Rick Wakeman did stand-up for his Rock and Roll Hall of Fame speech
On April 7, 2017, Yes were inducted into the Rock and Roll Hall of Fame, past members Jon Anderson, Rick Wakeman, and Bill Bruford included, as per the Rock & Roll Hall of Fame. Anderson, Trevor Rabin, Alan White, and Steve Howe said their "thank yous," then it was Rick Wakeman's turn. However, his bandmates weren't prepared for five long minutes of obscene stand-up.

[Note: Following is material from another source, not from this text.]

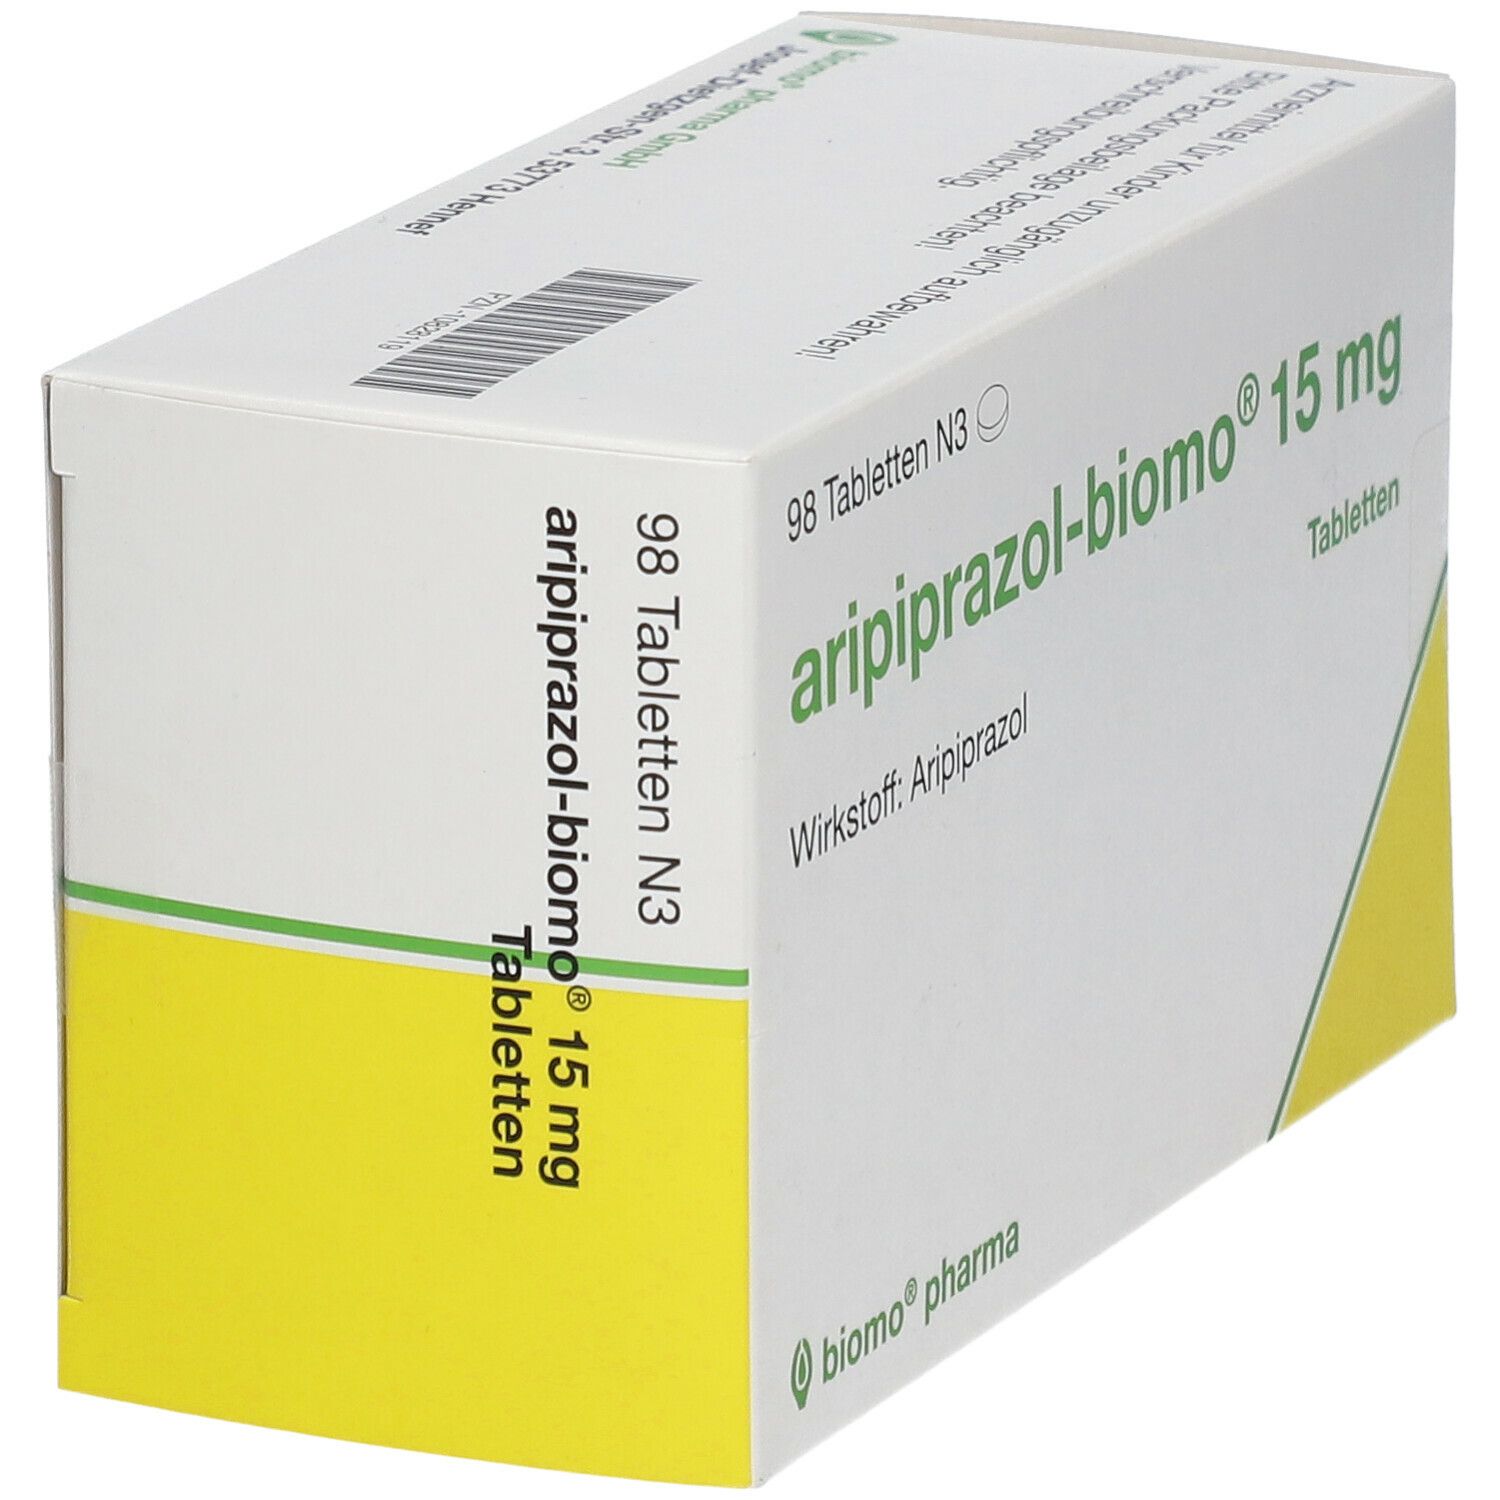 aripiprazol-biomo® 15 mg

Wakeman then told Rolling Stone that his bandmates were not aware of his speech, but that it wasn't the first time he did stand-up on stage. In fact, Wakeman has been a lifelong fan of comedy and has been doing shows in the U.K.: "I've got a huge pool of one-liners and general stories and you can just weave them into what you want." And the reason for his speech? "I don't like self-gratification so I didn't want to go 'Oh, how great the band has been' and all that kind [of thing] because people have said that anyway, which is really very nice. So I just wanted to have a bit of fun, really."